According to Woodmac, Big Data and advances in analytics, including machine learning and artificial intelligence (AI), provide new ways of interpreting this data, producing previously unknowable insights. While large volumes of data in the past could be a problem, Big Data is now an asset.
In theory this is a great pairing: a highly innovative industry and the latest digital technologies. But there is a disconnect; the E&P sector is conservative when it comes to adopting new technologies. Innovations in the conventional business take many years to penetrate thsector. Yet technology and digitalisation are characterised by rapid adoption and fail-fast attitudes, with those able to adapt quickly capitalising. As digitalisation permeates the upstream sector, successfully managing the cultural impact across organisations will dictate the success of digitalisation.
Energy firms are at different points in the digitalisation journey. Unconventional players in the US, driven by the overall cost competitiveness of that market, are probably the furthest along the path to realising the benefits of digital transformation.
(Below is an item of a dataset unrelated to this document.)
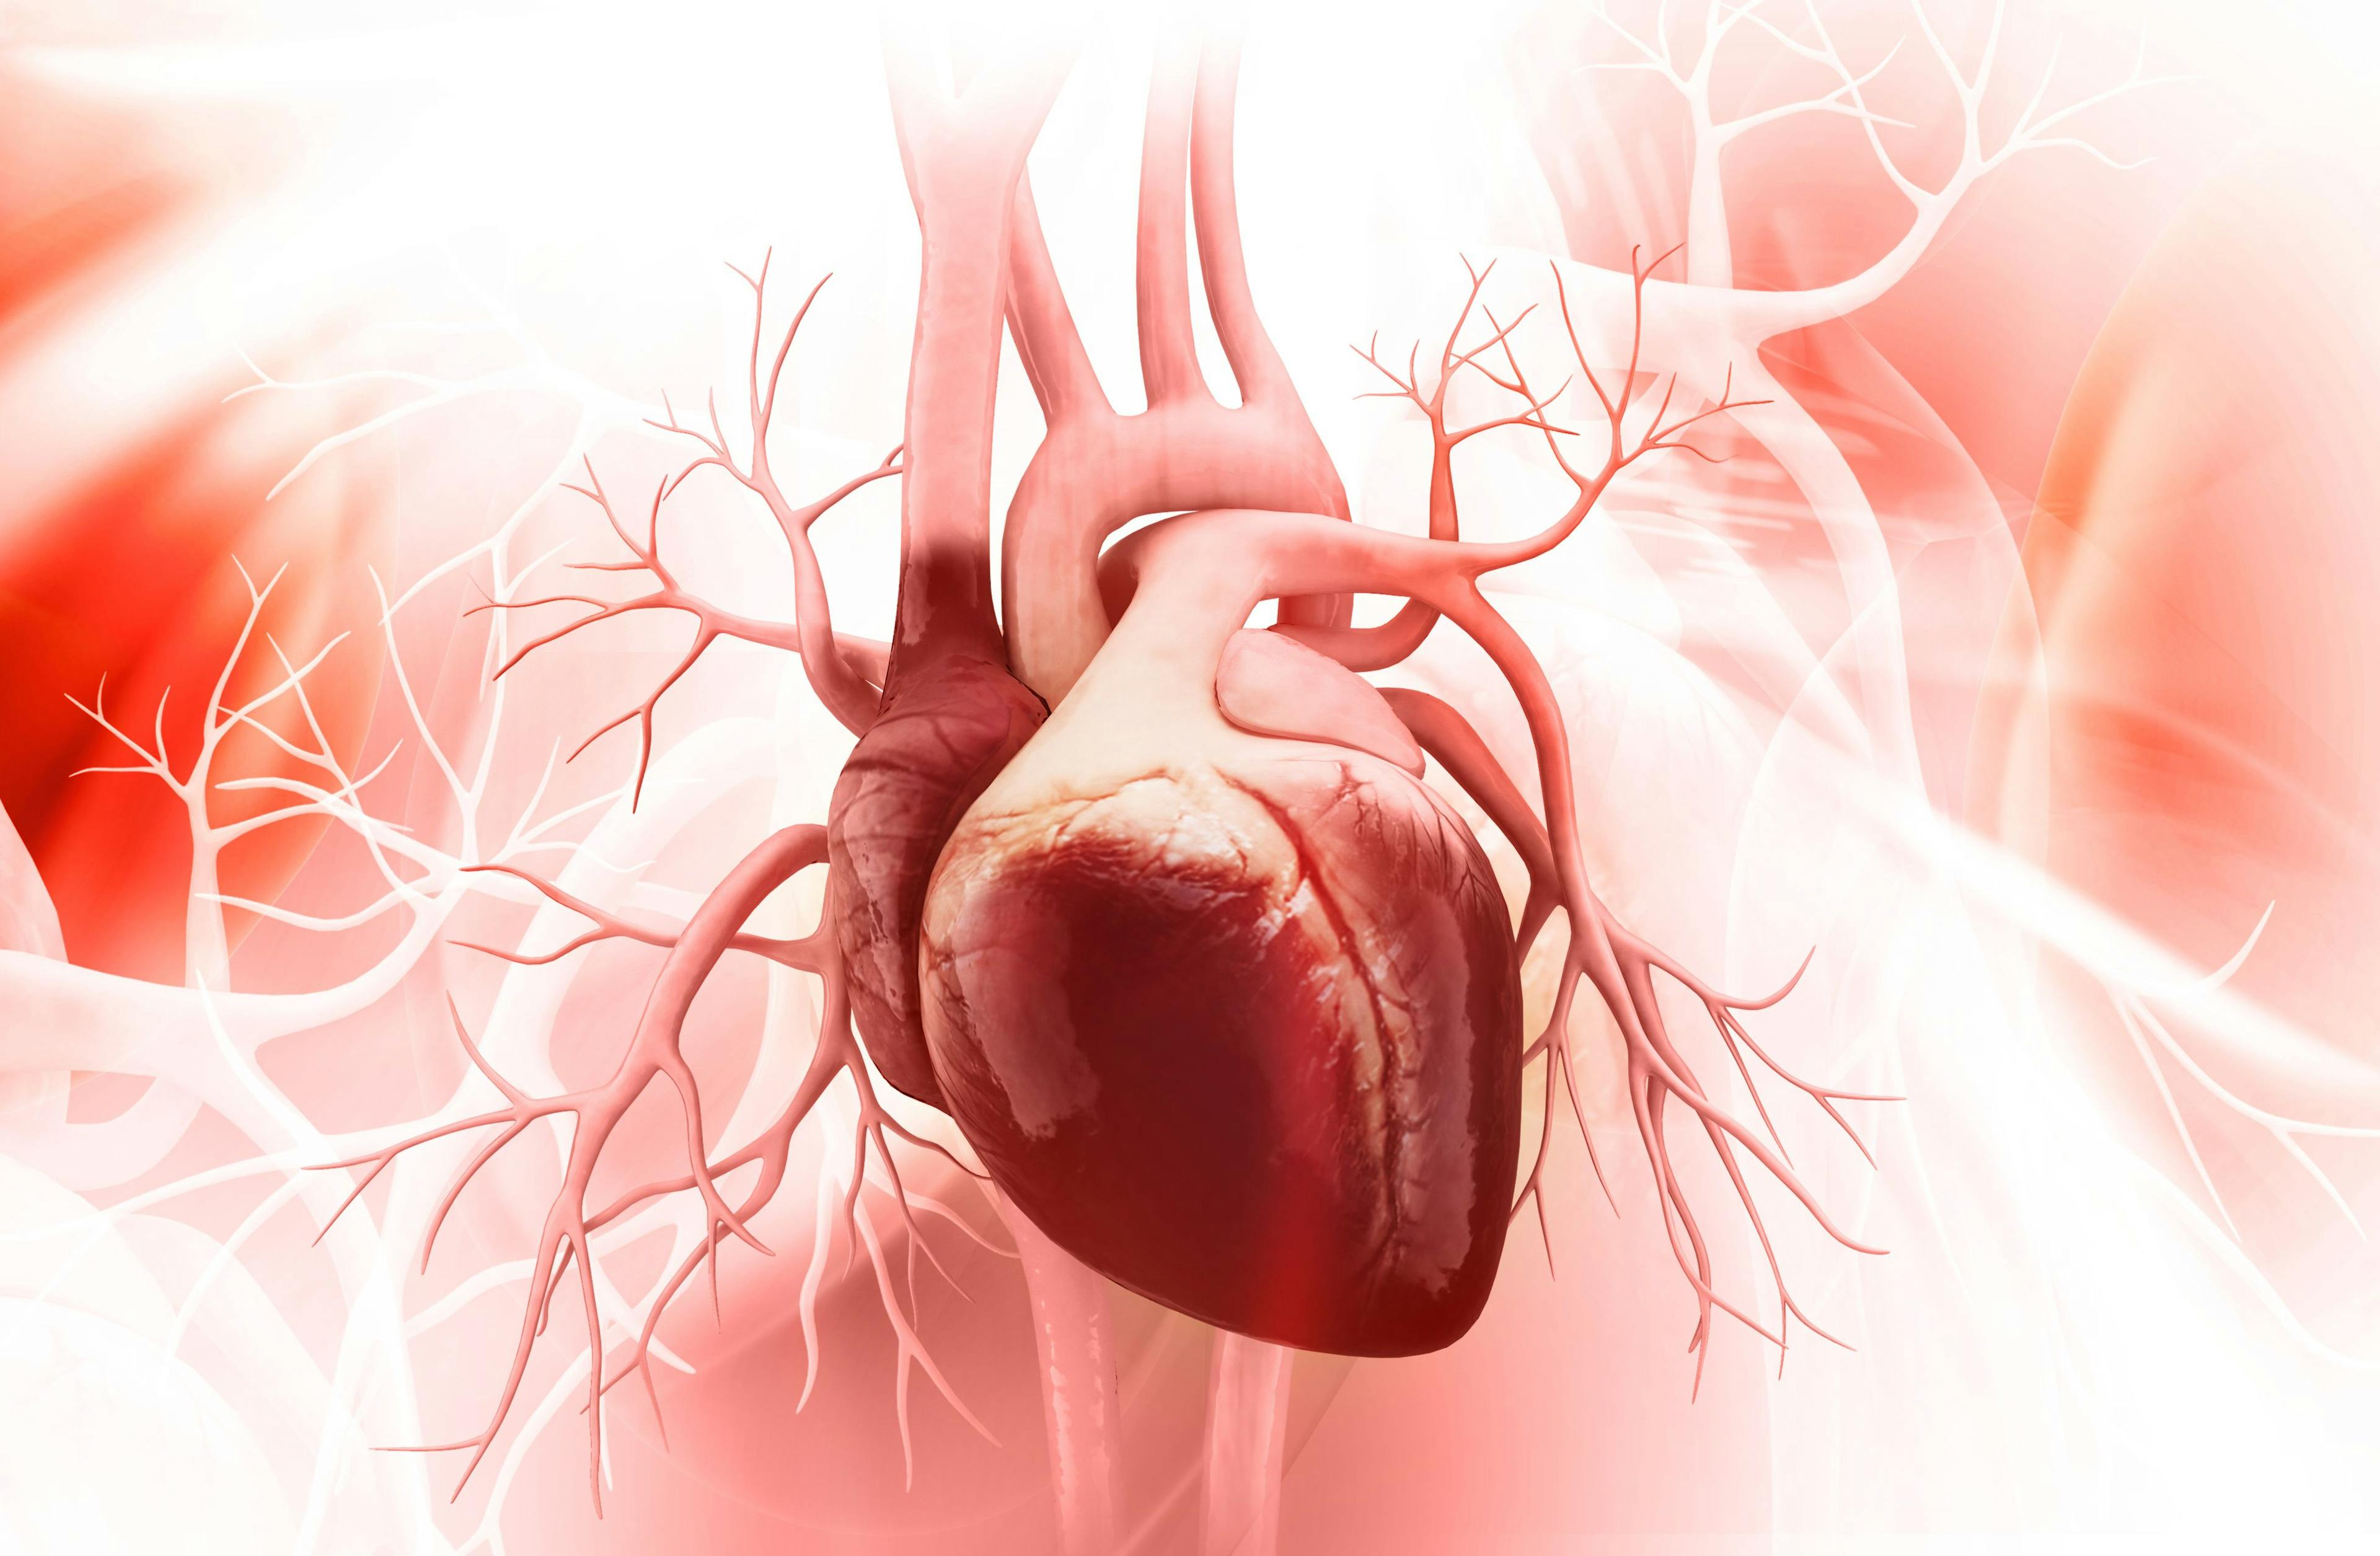 Digital illustration of the cardiovascular system

Conventional upstream has likely made the least progress, despite the size of the potential gains, the consultancy notes.
Upstream executives are right to be sceptical of promises to transform cost structures; they have been burned before by these kinds of promises. Still, L48 operators have adopted Big Data initiatives and advanced analytics and been rewarded. The cost curve for tight oil has been materially lowered, and digitalisation has played a critical role. The companies that really embrace this trend – utilising their data as an asset and scaling the application of digital technologies – will be the ones to benefit the most.